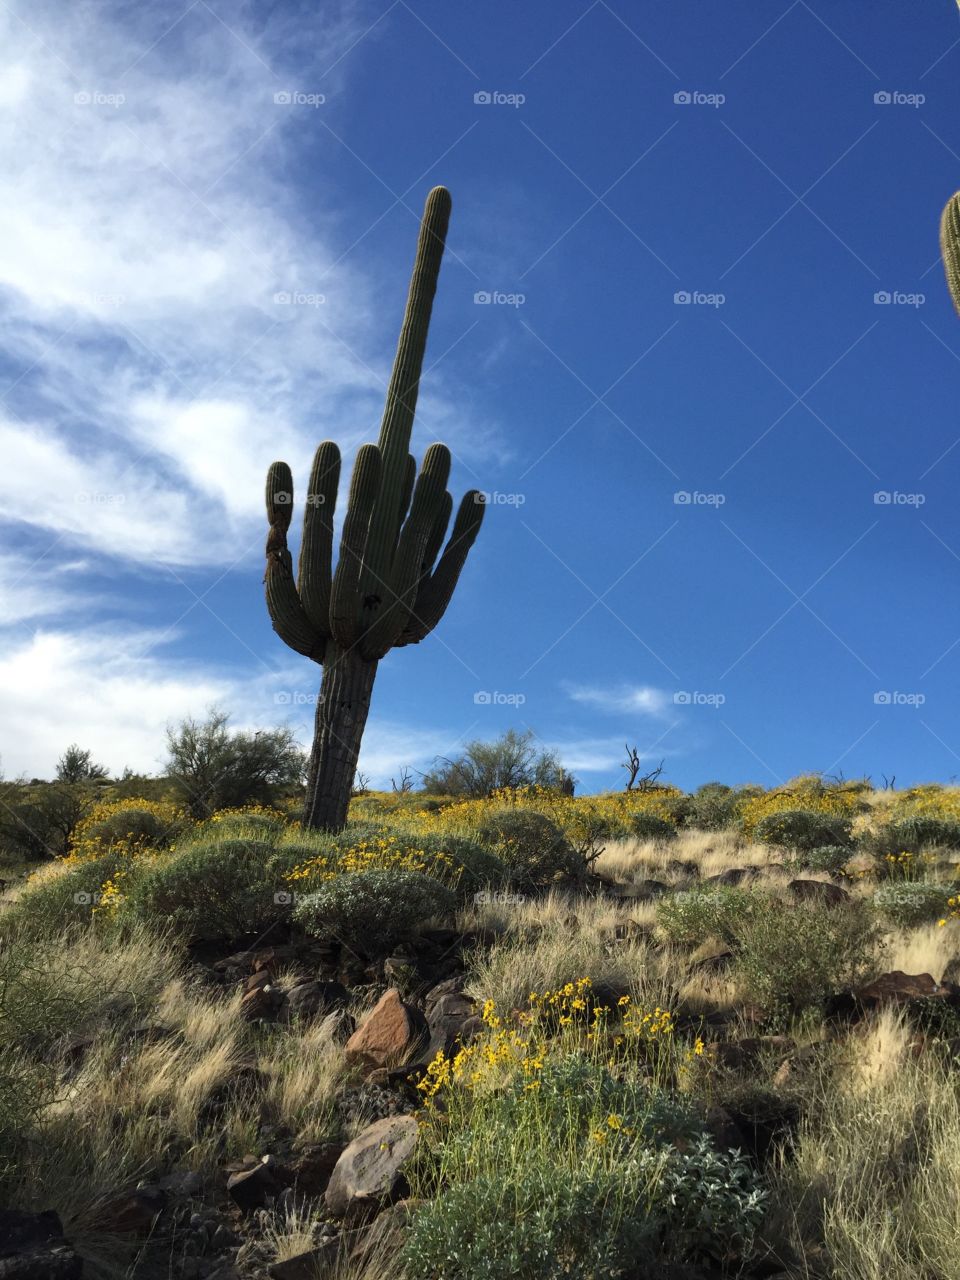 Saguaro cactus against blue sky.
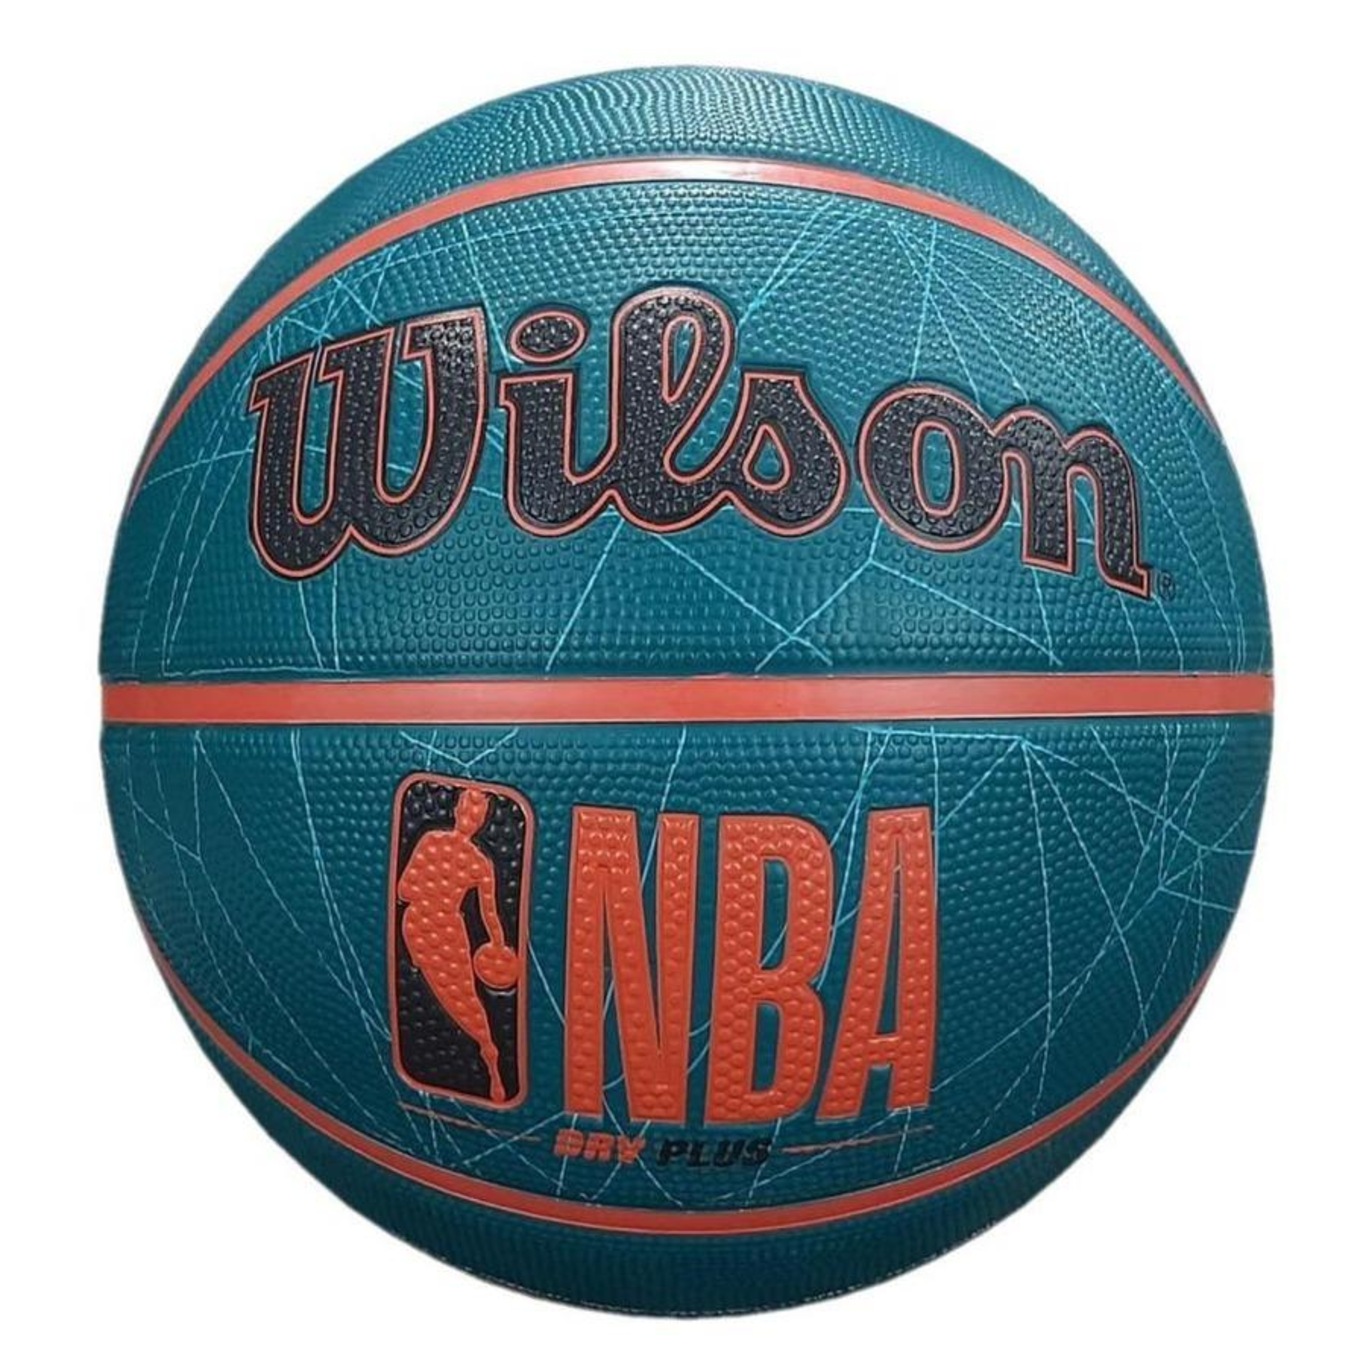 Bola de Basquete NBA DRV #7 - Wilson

☆ ☆ ☆ ☆ ☆ ☆ ☆

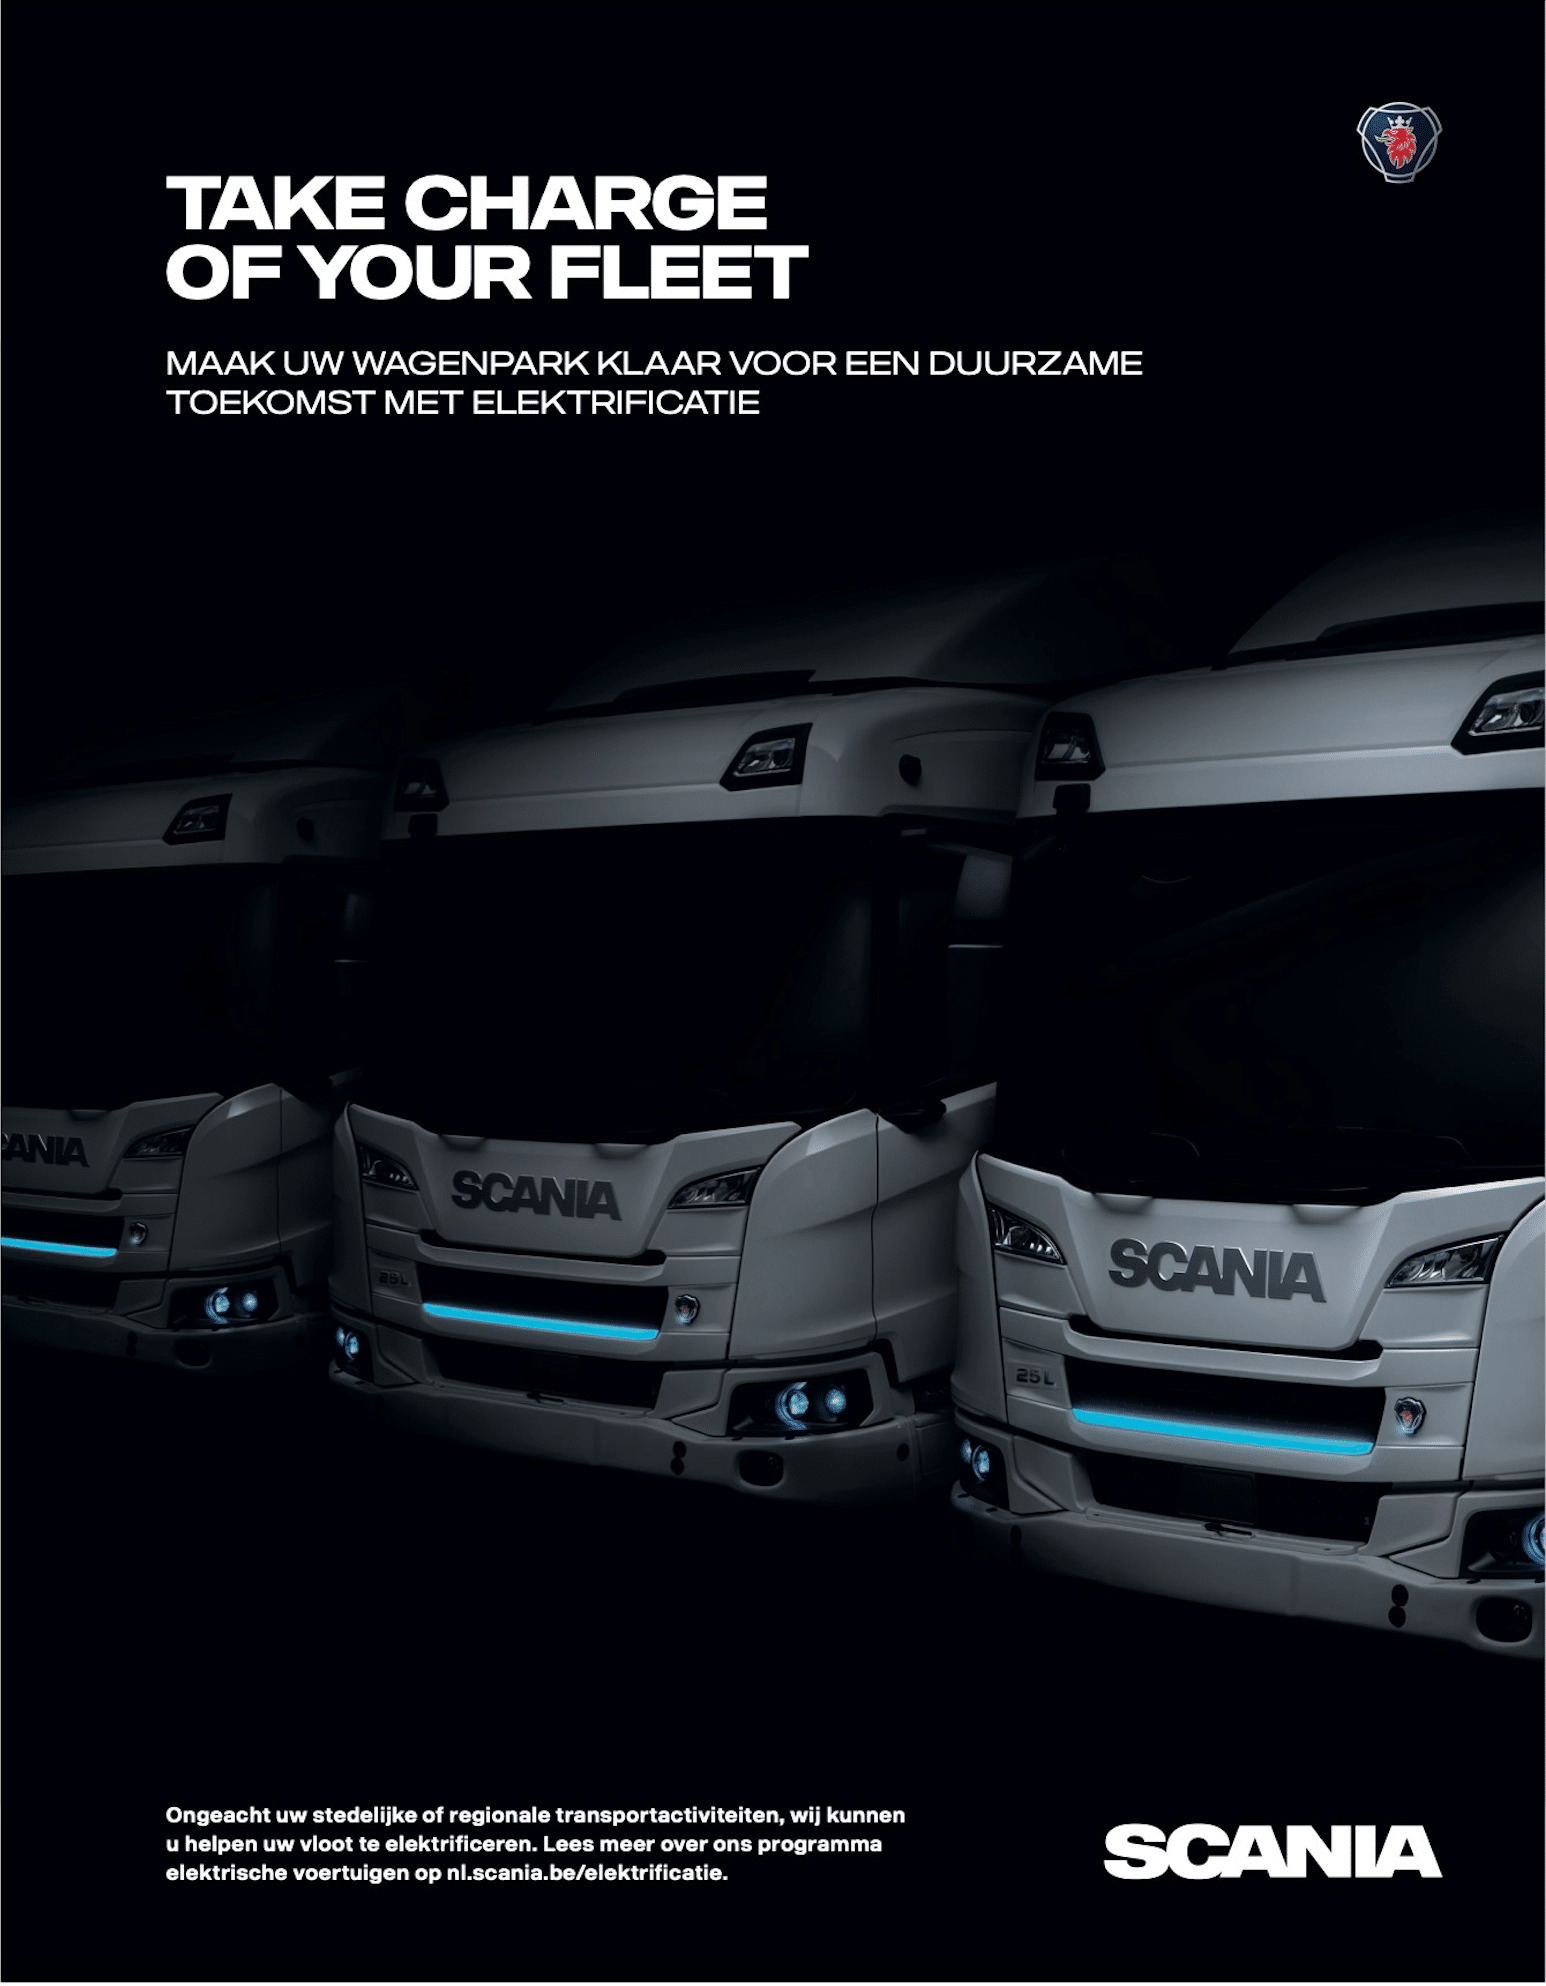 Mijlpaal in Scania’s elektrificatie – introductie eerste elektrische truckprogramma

☆ ☆ ☆ ☆ ☆ ☆ ☆

What needs to be done: Everything above from the line with "Saguaro cactus against blue sky." through the line with "Bola de Basquete NBA DRV #7 - Wilson" should be retyped exactly, and nothing else; omit pictures.

Result below:
 Saguaro cactus against blue sky.
 Bola de Basquete NBA DRV #7 - Wilson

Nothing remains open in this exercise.